Stored data:
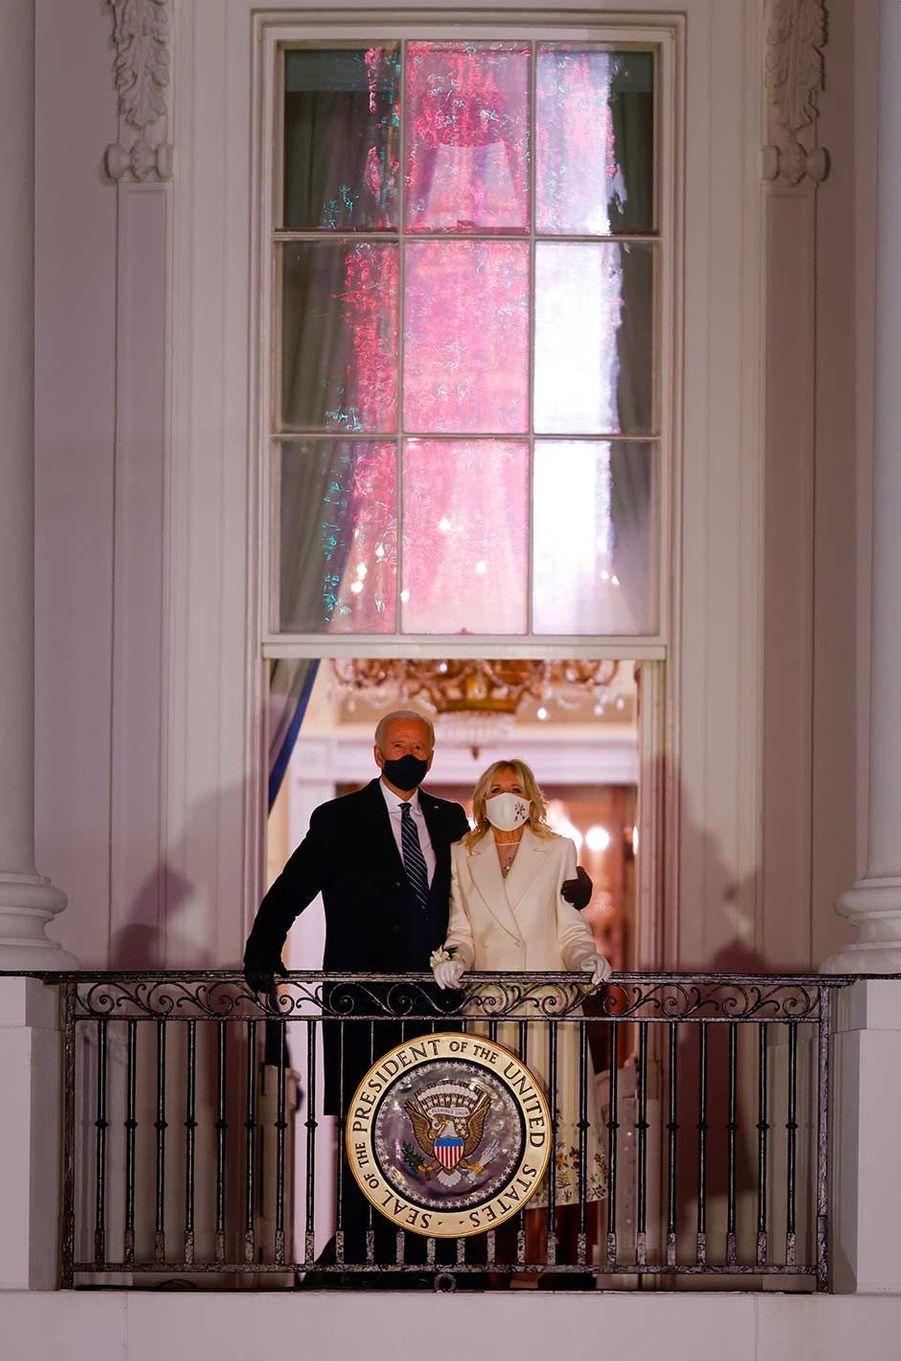 La famille Biden a assisté au feu d'artifice depuis le balcon de la Maison-Blanche, le 20 janvier 2021.
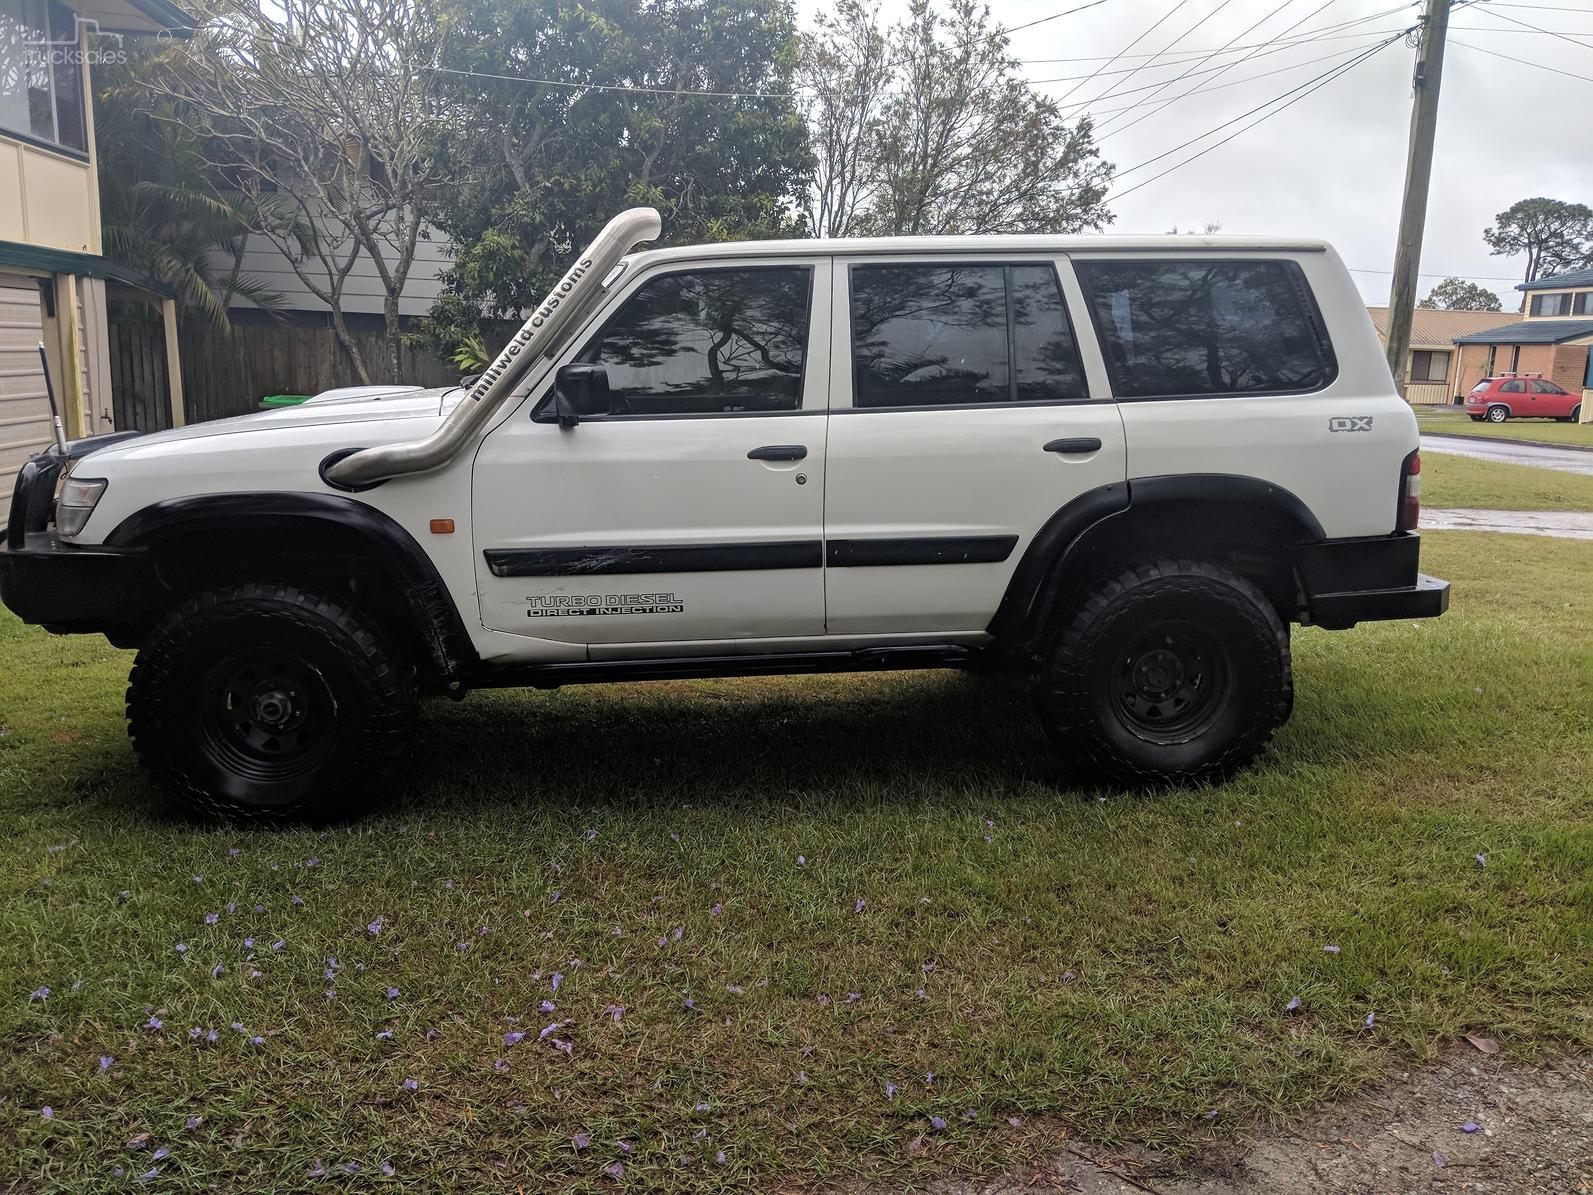 2001 Nissan Patrol DX GU III Manual 4x4 MY02-SSE-AD-5893483
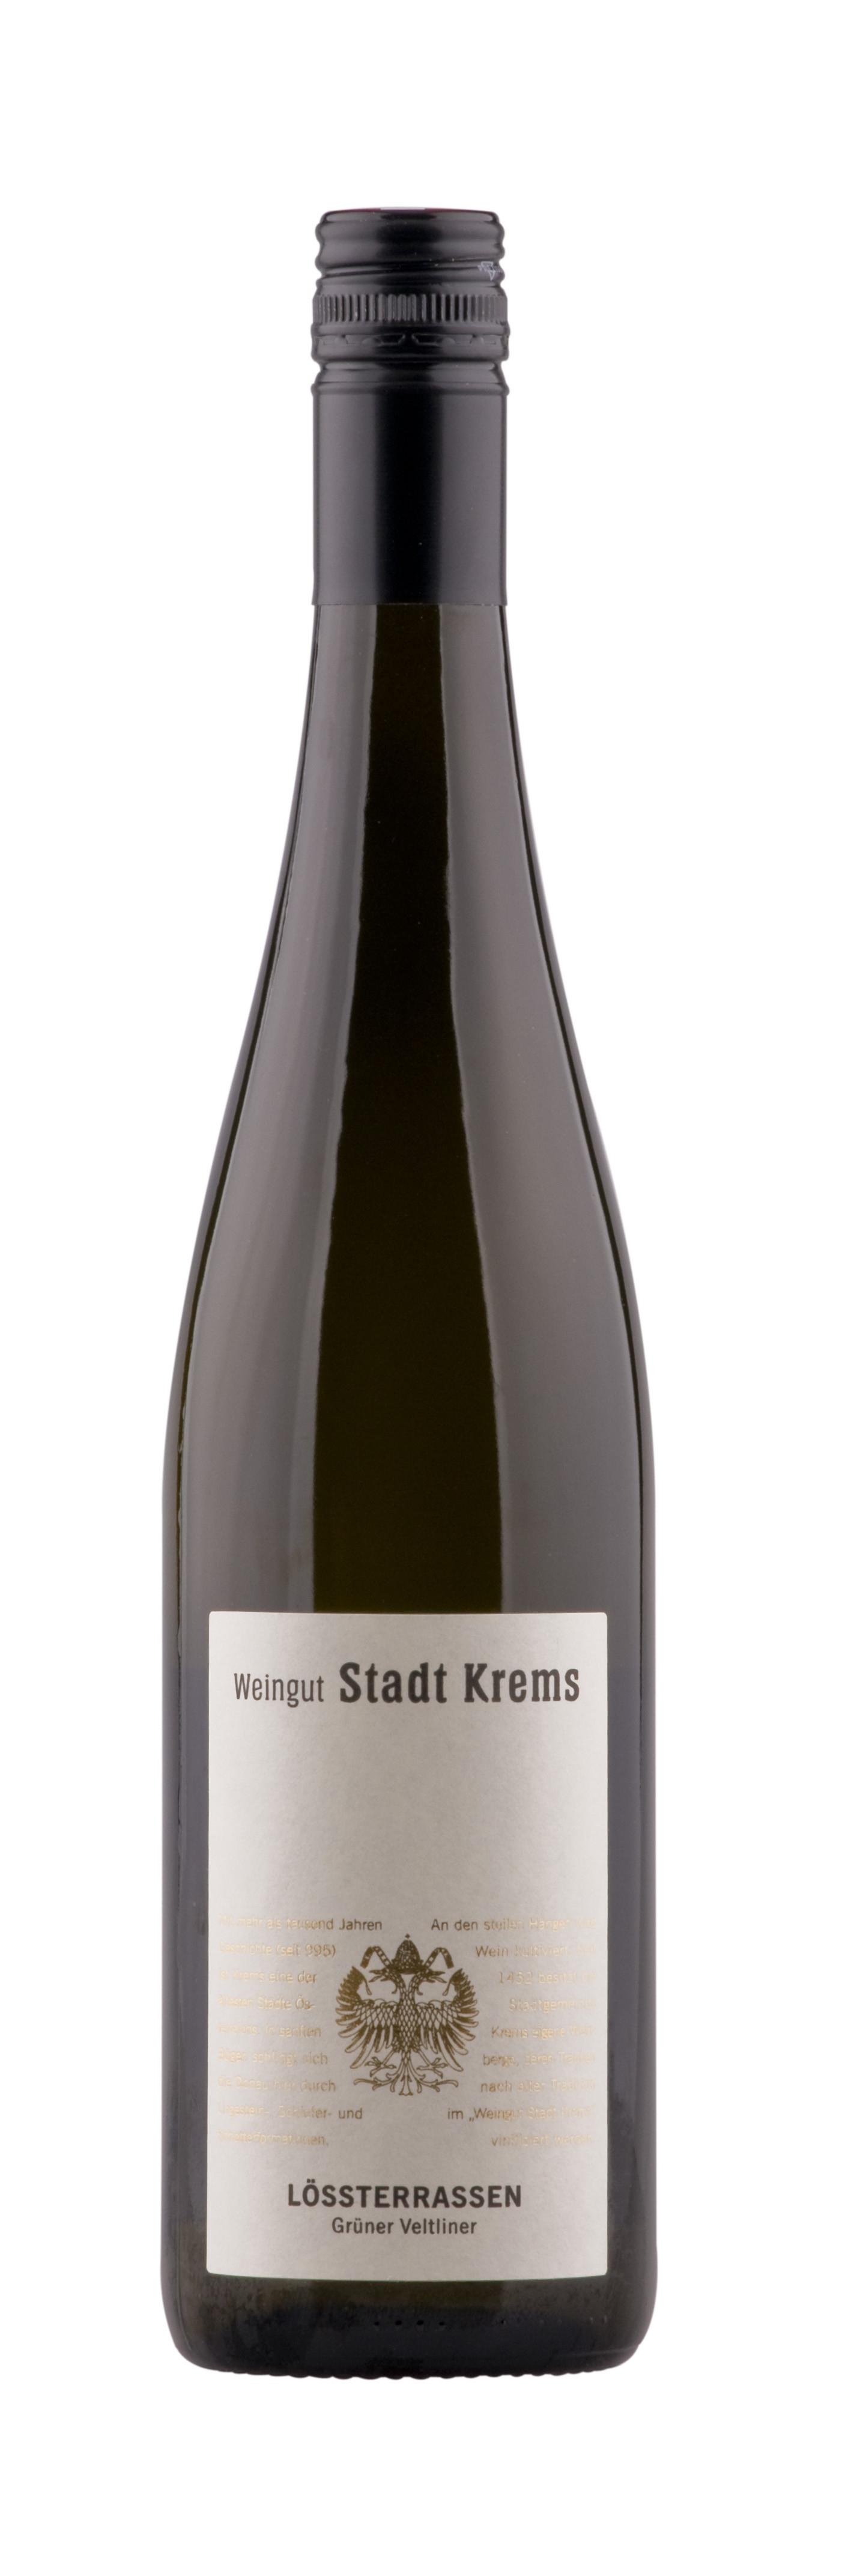 Weingut Stadt Krems Grüner Veltiner Lössterrassen
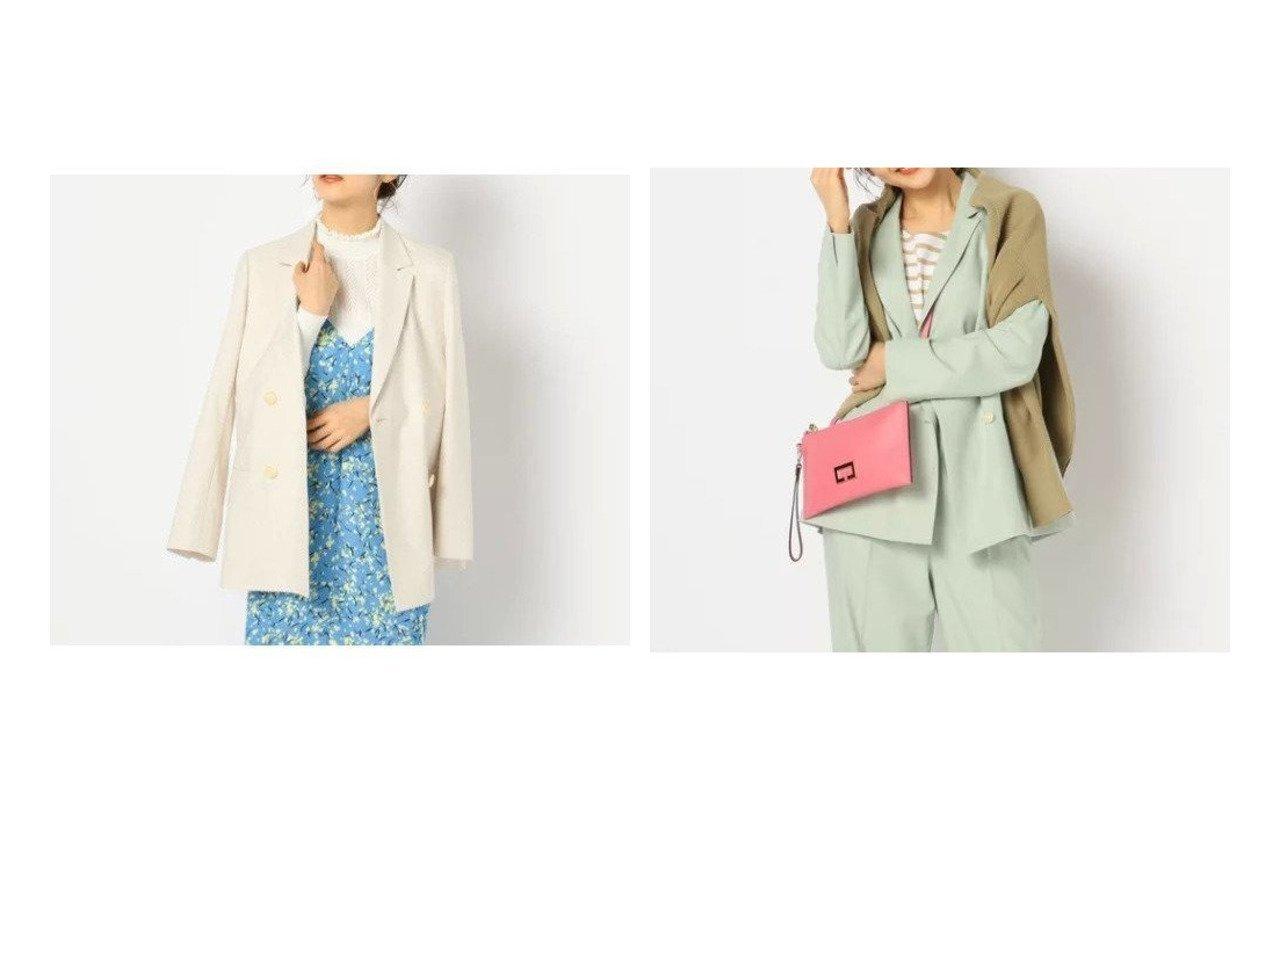 【NOLLEY'S/ノーリーズ】の麻混ダブルジャケット アウターのおすすめ!人気、トレンド・レディースファッションの通販 おすすめで人気の流行・トレンド、ファッションの通販商品 メンズファッション・キッズファッション・インテリア・家具・レディースファッション・服の通販 founy(ファニー) https://founy.com/ ファッション Fashion レディースファッション WOMEN アウター Coat Outerwear ジャケット Jackets シャンブレー ジャケット ストレッチ セットアップ ダブル テーラード リネン |ID:crp329100000015376
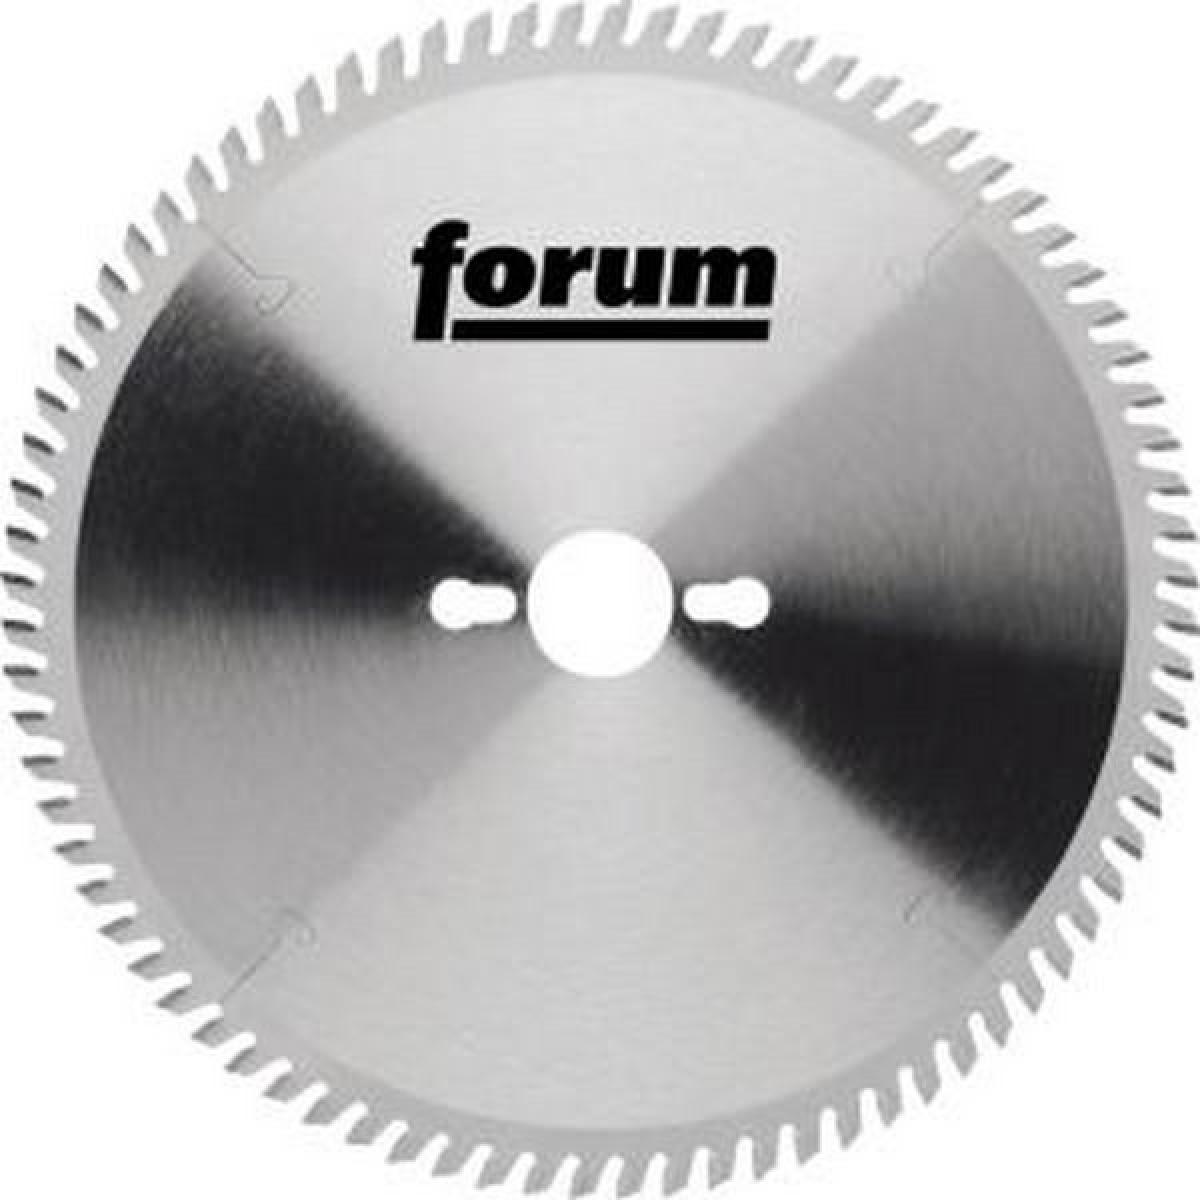 Forum Lame de scie circulaire, Ø : 350 mm, Larg. : 3,2 mm, Alésage 30 mm, Perçages secondaires : 2KNL*, Dents : 108

### What this task involves
All of the records must come back exactly as they stand, minus every picture.

### Exercise answer
 La famille Biden a assisté au feu d'artifice depuis le balcon de la Maison-Blanche, le 20 janvier 2021.
 2001 Nissan Patrol DX GU III Manual 4x4 MY02-SSE-AD-5893483
 Weingut Stadt Krems Grüner Veltiner Lössterrassen
 【NOLLEY'S/ノーリーズ】の麻混ダブルジャケット アウターのおすすめ!人気、トレンド・レディースファッションの通販 おすすめで人気の流行・トレンド、ファッションの通販商品 メンズファッション・キッズファッション・インテリア・家具・レディースファッション・服の通販 founy(ファニー) https://founy.com/ ファッション Fashion レディースファッション WOMEN アウター Coat Outerwear ジャケット Jackets シャンブレー ジャケット ストレッチ セットアップ ダブル テーラード リネン |ID:crp329100000015376
 Forum Lame de scie circulaire, Ø : 350 mm, Larg. : 3,2 mm, Alésage 30 mm, Perçages secondaires : 2KNL*, Dents : 108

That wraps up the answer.